Kambosos will make $2,106,300 and Teofimo $3.9117 million if Triller stages the fight on October 16th. But if Triller relinquishes their rights and Matchroom stages the contest, Kambosos Jr. will get $1.2271 million and Teofimo $2.2789 million.  That’s a significant drop-off in pay for both fighters if Triller relinquishes their rights to the fight.

It’s challenging to believe Kambosos Jr. will continue to refuse to sign up on the fight knowing that he could make less money if Triller relinquishes their rights for the contest, leaving it to the highest bidder Matchroom Boxing.

Teofimo, 24, has agreed to move the fight from October 4th to 16th, but Triller still needs Kambosos.

“The same contract that Teofimo signed is sitting in front of Kambosos to sign to fight on the 16th,” Kavanaugh said to ESPN. “Triller is not going to pay anything extra or make extra accommodations, as it didn’t for Teofimo.

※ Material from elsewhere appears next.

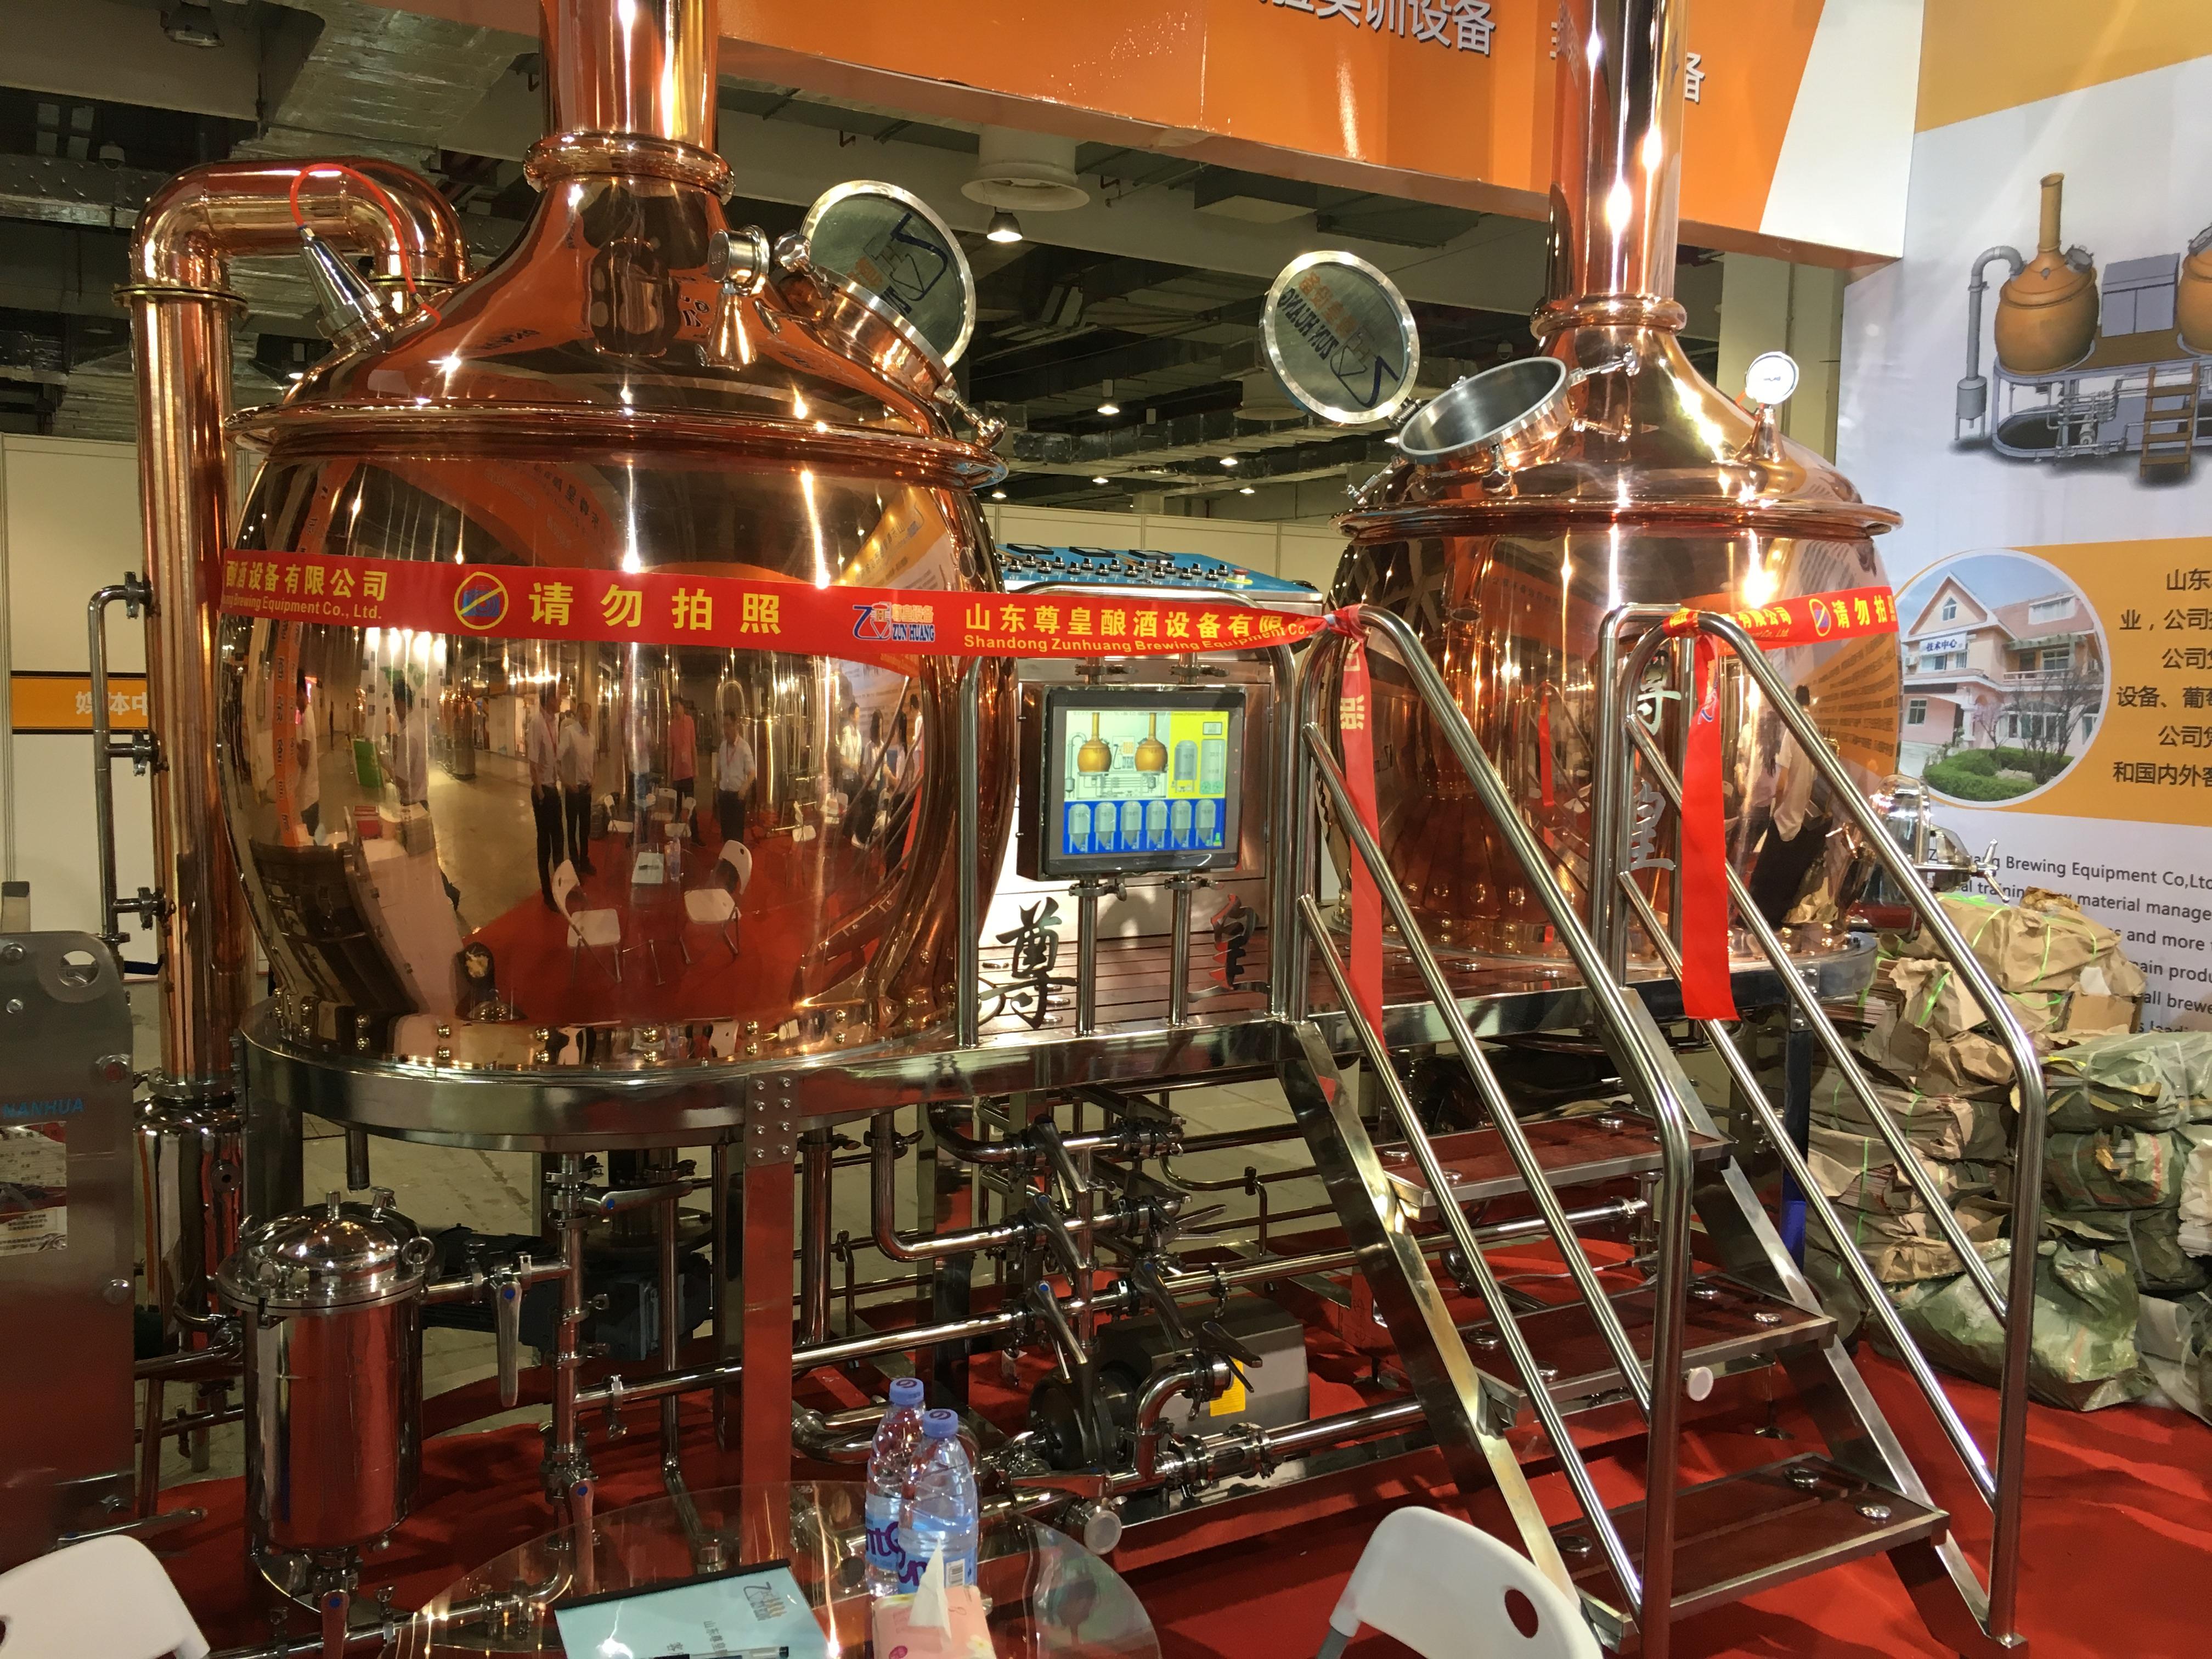 शिल्प बियर लाल तांबे टैंक का इस्तेमाल किया वाणिज्यिक बीयर शराब की भठ्ठी पक उपकरण

Triller is already paying him close to 10 times what he’s [Kambosos Jr] made in the past. If he were for some reason to not do this deal with us, he would make significantly less. We are confident this fight is occurring, and he’s going to sign the contract soon.”

Teofimo was previously scheduled to defend his four lightweight titles against Kambosos on October 4th at Madison Square Garden in New York.

Triller changed their minds about staging the Teofimo-Kambosos Jr. fight on that date when it became known that they would be going head to head with the Raiders vs. Chargers NFL game on the same Monday night.

Teofimo wisely inked his portion of the contract to move the fight to October 16th, as he and his father want to get this fight with Kambosos out of the way so they can move on to bigger fights.

Teofimo needs to move on

They’ve already invested a year with this fight, and they want to get it over with, so they can go after undisputed light welterweight champion Josh Taylor.

In hindsight, Teofimo should have vacated his IBF lightweight title when the International Boxing Federation ordered him to defend against Kambosos.

Teofimo had massive opportunities for bigger fights against Vasily Lomachenko, Ryan Garcia, Devin Haney, and Joseph Jo Jo’ Diaz Jr.. Still, instead, he took the least compelling option by choosing to defend against Kambosos.

Was that move by Teofimo based on fear?  It doesn’t make sense, but that decision has cost Teofimo a year of his career. If Teofimo continues to make bizarre moves in the future, he might not have much to show when his career is up.